Mirasın reddi, farklı bir deyişle reddi miras, miras bırakanın ölümü üzerine yasal veya atanmış mirasçıların, miras bırakanın her türlü borç ve alacaklarıyla birlikte oluşan mirasın hak ve yükümlülüklerini reddetmesi olarak tanımlanabilir. Mirasın Reddi, Türk Medeni Kanunu m.605-618 maddeleri arasında düzenlenmiştir.
Mirasın Reddi Türleri
Mirasın reddi, iki şekilde gerçekleşebilir:
- Mirasın Gerçek Reddi: Mirasçı, miras bırakanın ölümü üzerine mirası reddettiğini sulh hukuk mahkemesine beyan eder. Bu hakkın kullanılabilmesi için miras bırakının vefatı ve mirasın mirasçılara geçmiş olması gerekmektedir. Bu ret beyanına bir şekil şartı zorunlu kılınmamıştır. Bu beyan, yazılı veya sözlü olarak yapılabilir ve kayıtsız, şartsız olmalıdır(Türk Medeni Kanunu m.609). Mirasın reddi talebinde bulunacak olan mirasçının fiil ehliyetine sahip olması gerekir. Çünkü mahkemeye sunulan ret beyanıyla mirasçının borçlarının sorumluluğundan kurtulan mirasçının aynı zamanda sunduğu ret beyanı sebebiyle mirasçı olma hakkı da ortadan kalkar. Tam ehliyetsizin mahkemeye sunulacak olan ret beyanı yasal temsilci tarafından yapılır. Vesayet altından bulunan kişiler için ise vasinin beyanının yanısıra Sulh veya Asliye Mahkemelerinin izni de gerekir (Türk Medeni Kanunu m.463). Sınırlı ehliyetsizlerin ret beyanını yasal temsilcilerinin onayı ile ya kendisi ya da yasal temsilcisinin bizzat kendisi mahkemeye sunabilir.
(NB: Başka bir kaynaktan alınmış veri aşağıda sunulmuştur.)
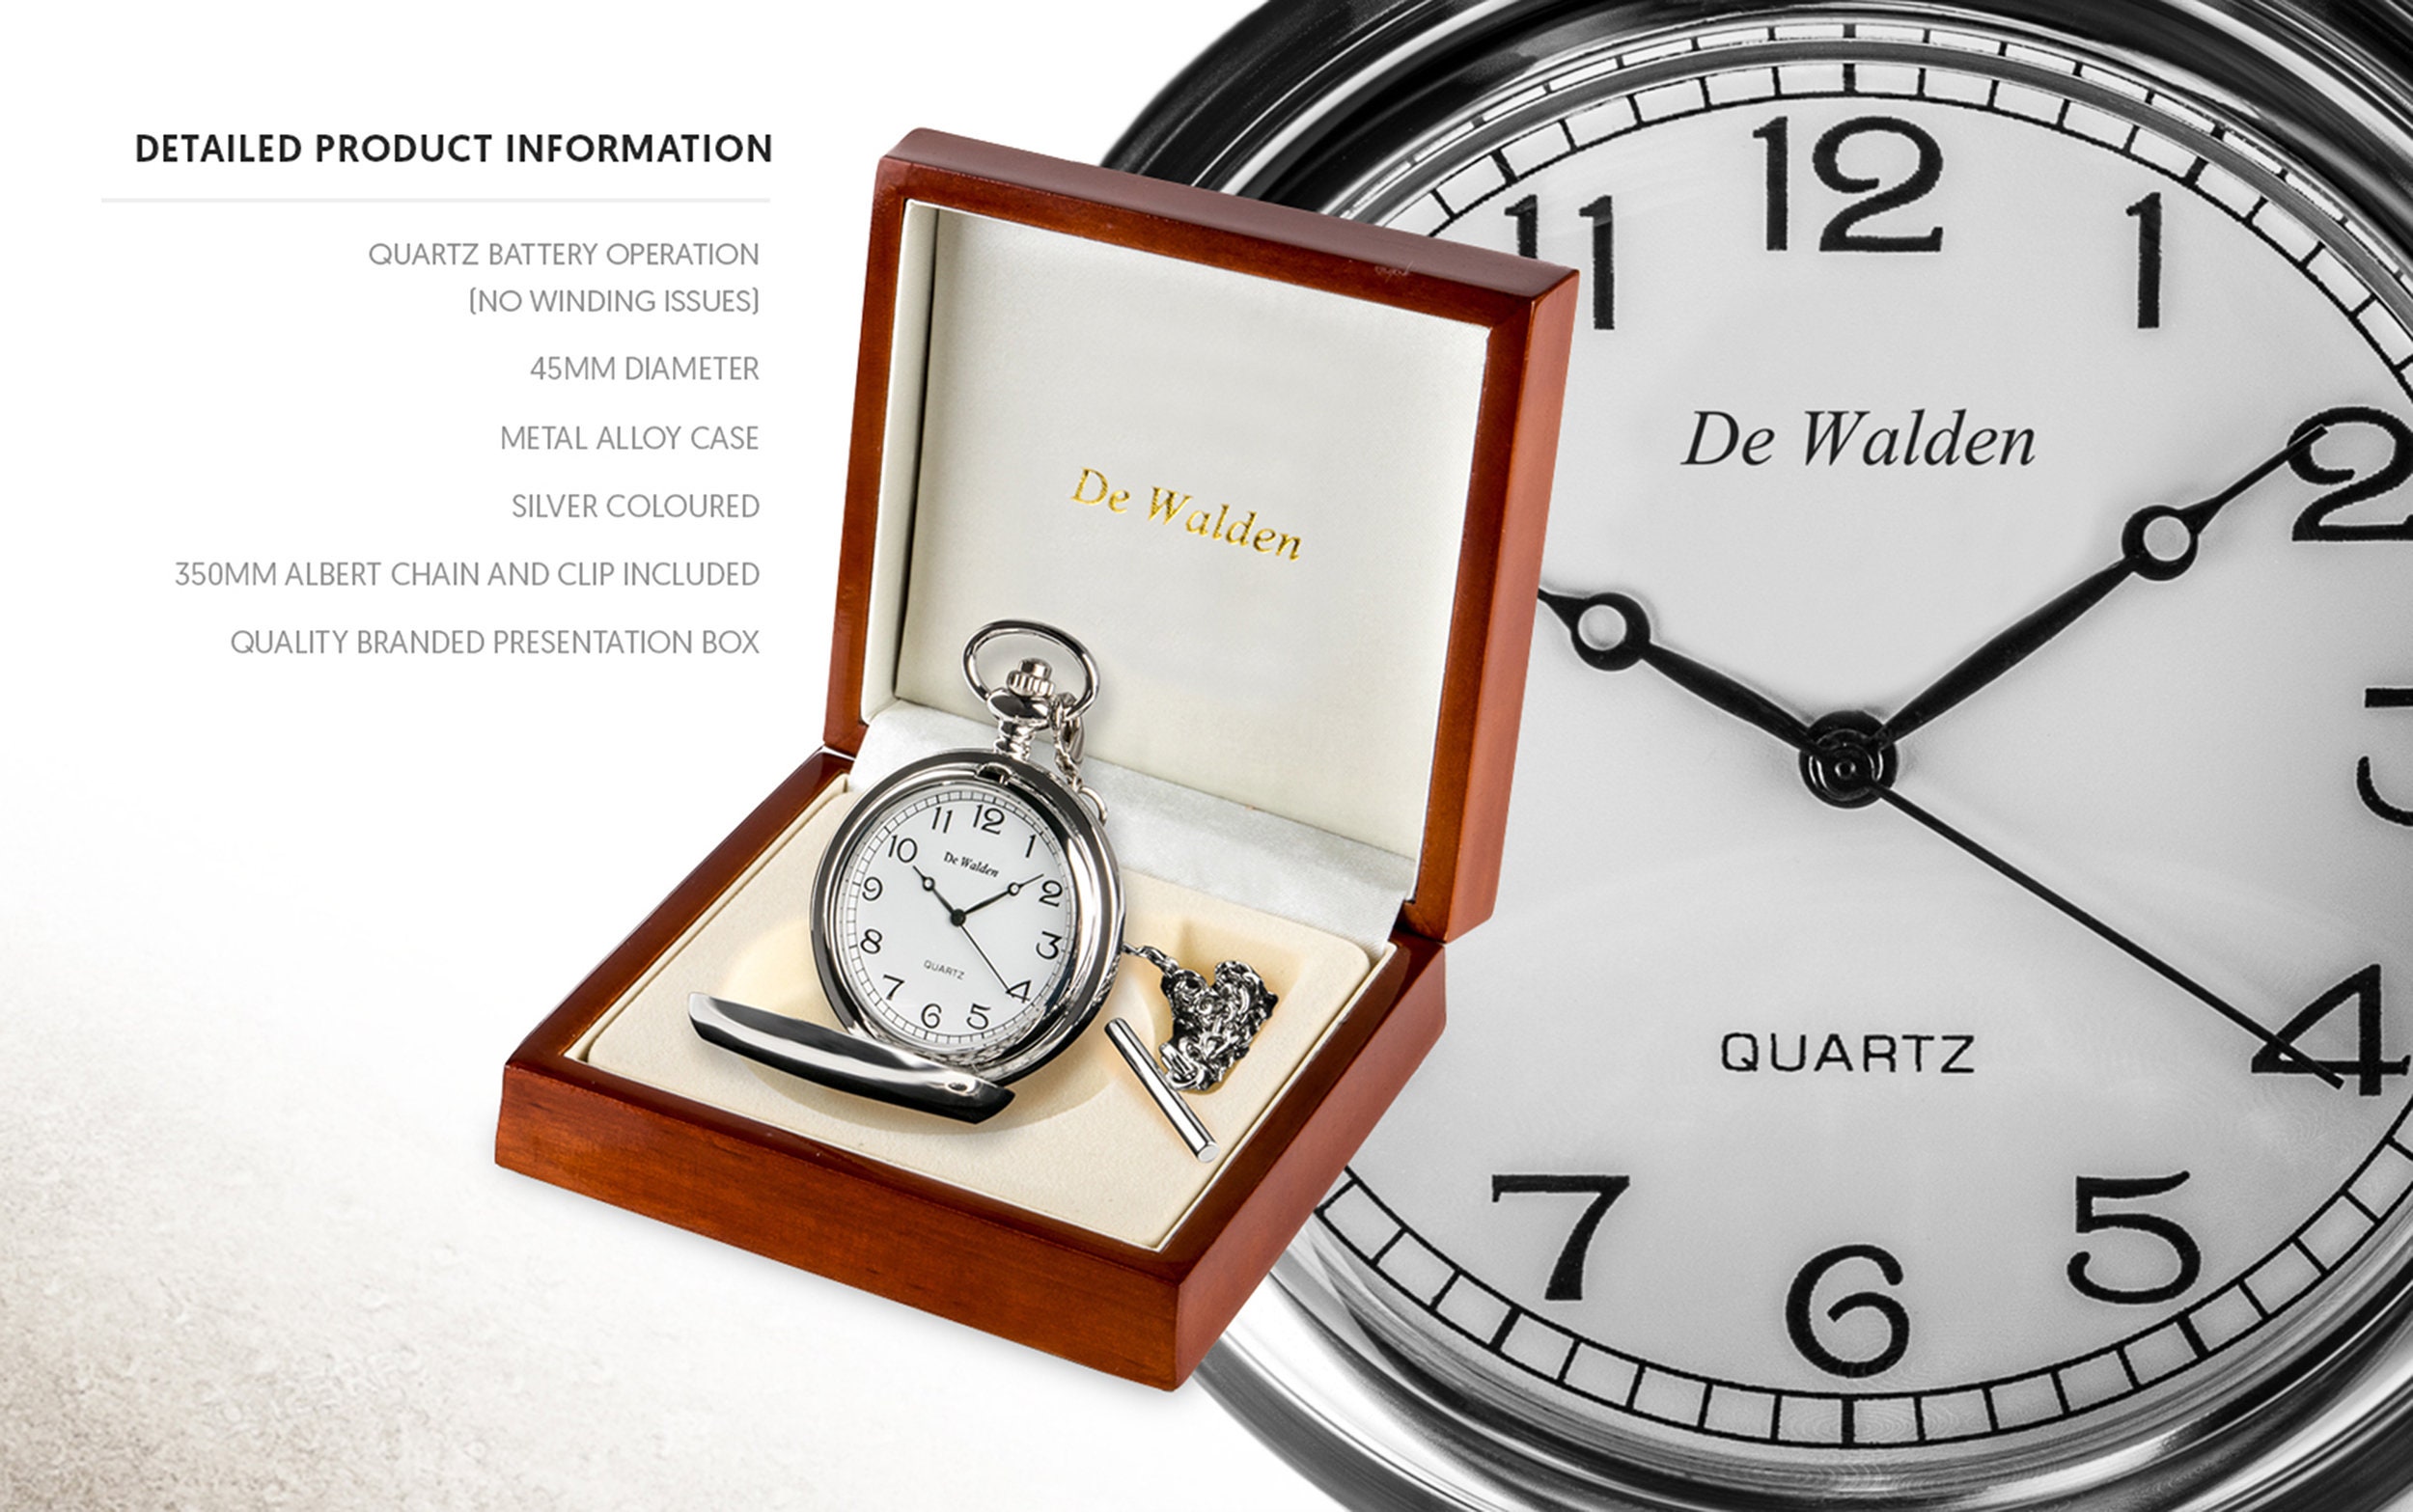 Mens Engraved Quality Pocket Watch Congratulations On Your Retirement Feature Case Front in A Luxury Wooden Box Colleague Friend Employee

- Mirasın Hükmen Reddi: Miras bırakanın borca batık olduğu durumlarda miras otomatik olarak reddedilmiş sayılır(Türk Medeni Kanunu m.605/2). Mirasın hükmen reddinin şartları; 1) Miras bırakanın vefat anında borçlarını ödemesinin mümkün olmaması, bu durumun açıkça belli olması, 2) Ya da Borçlarını ödemesinin mümkün olmamasının resmen tespit edilmiş olmasıdır. Bu durumda mirasçıların resmi bir beyanda bulunmalarına gerek yoktur. Bu halde kabul ve ret için bir süre öngörülmemiştir. Bu durumun tespiti mahkemeden her zaman istenebileceği aynı zamanda, tereke alacaklılarının alacakları için açtıkları davalarda da her zaman ileri sürülebilir.
Mirasın Reddi Süresi
Türk Medeni Kanunu’na göre, mirasın reddi için belirli bir süre vardır. Mirasçı, miras bırakanın ölümünden veya mirasçı olduğunu öğrendiği tarihten itibaren üç ay içinde mirası reddetmelidir. Bu süre içinde reddedilmeyen miras, zımnen kabul edilmiş sayılır ve mirasçı borçlardan sorumlu hale gelir.
Mirasın Reddi Hakkı Düşer mi?
Yasal süresi içinde mirası red talebinde bulunmayan mirasçı, mirası kayıtsız, şartsız kazanmış olur (Türk Medeni Kanunu m.610). Bu durumun gerçekleşmesi halinde mirasçı artık mirası ret edemez. Mirası Ret hakkı şu hallerde düşer:
- Üç aylık ret süresinin dolması (Türk Medeni Kanunu m.606)
- Feragat Sebebiyle Ret Hakkının Düşmesi; Mirası redden feragat etmek isteyen mirasçı, bu isteğini yazılı veya sözlü olarak miras bırakanın son yerleşim yeri Sulh Mahkemesine beyanda bulunabileceği gibi bu beyanı ilgili kişilere de (mirasçılar, vasiyet alacaklıları, tereke alacaklıları) yöneltebilir.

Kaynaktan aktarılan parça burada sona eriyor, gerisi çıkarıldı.